Paint ceiling white? Ryan rebuts ‘myths’

Elaine Ryan’s pair of color bars offer do-it-yourself designers a safe way to choose matching colors.
Elaine Ryan’s pair of color bars offer do-it-yourself designers a safe way to choose matching colors.

— Designer and author Elaine Ryan challenges some established interior design beliefs in her Elaine Ryan Home Decorating Kit: Everything You Need to Know to Become Your Own Interior Designer ($69.95), which includes a 158-page guidebook, two fan sets of color samples, a grid board and reusable furniture shaped stickers for creating floor plans, a booklet about designing a child’s bedroom and another in which Ryan questions popular design beliefs. Such as: Myth: Rooms should “flow.” Ryan: Rivers must flow. Your home is not a river. Treat each room individually, using different colors in each to create different moods, using colors that complement each other.

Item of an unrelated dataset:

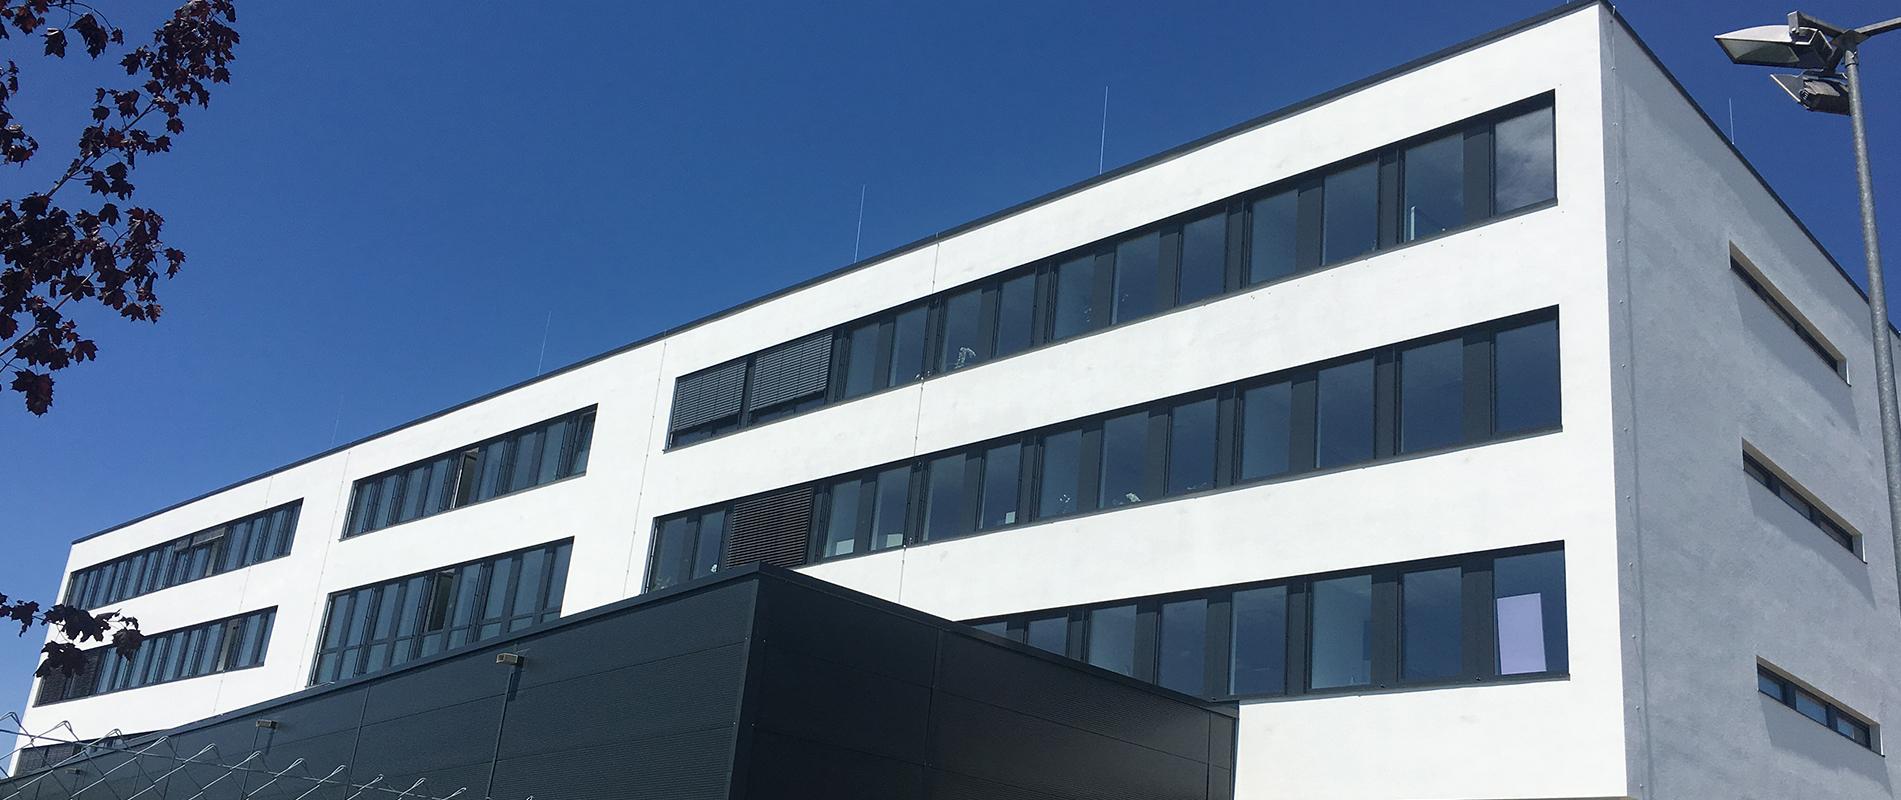 Modernisierung malerfachbetrieb rosenheim m nchen for Raumgestaltung rosenheim

Myth: Homes should follow a theme.

Ryan: A home that follows a theme looks self-conscious and contrived. Ryan suggests avoiding that pitfall by mixing and matching periods and styles, patterns and furnishings.

Myth: Foyers are “not that important.” Ryan: Foyers are the introduction to your home. For that reason they’re very important.

In choosing colors for the foyer, select a softer tone of the primary color being used in the next room. Softer colors are more welcoming and especially attractive, Ryan says.

Myth: A black-and-white color scheme is hard to live with.

Ryan: Using black and white together is beautiful.

Adding a third color as an accent in the room takes the edge off the starkness of the black and white and makes the trio of colors pop and the room surprisingly inviting, Ryan says.

Myth: Ceilings must be white or much lighter in color than the walls.

Ryan: Light reflected from the ceiling is insignificant.

The white ceiling doesn’t offer the room any additional life and it only serves to draw the eye away from the room and decor and upward instead, Ryan says. She suggests painting the walls and ceiling the same color, which, she says, will actually make the room feel larger because there’s no visual division between the two.

Myth: Only big is beautiful.

Ryan: Small is also attractive.

Deep-toned rich colors will turn a small space into a charming room. If a patterned fabric is desired, selecting one with a background in a rich jewel tone, limiting the pattern repeat to no more than 27 inches wide, and holding the number of solid colors to two will keep the room’s decor from becoming overwhelming.

Adapted from Myths, Truths, and Tips: Secrets Interior Designers Do Not Want You to Know, part of the Elaine Ryan Home Decorating Kit.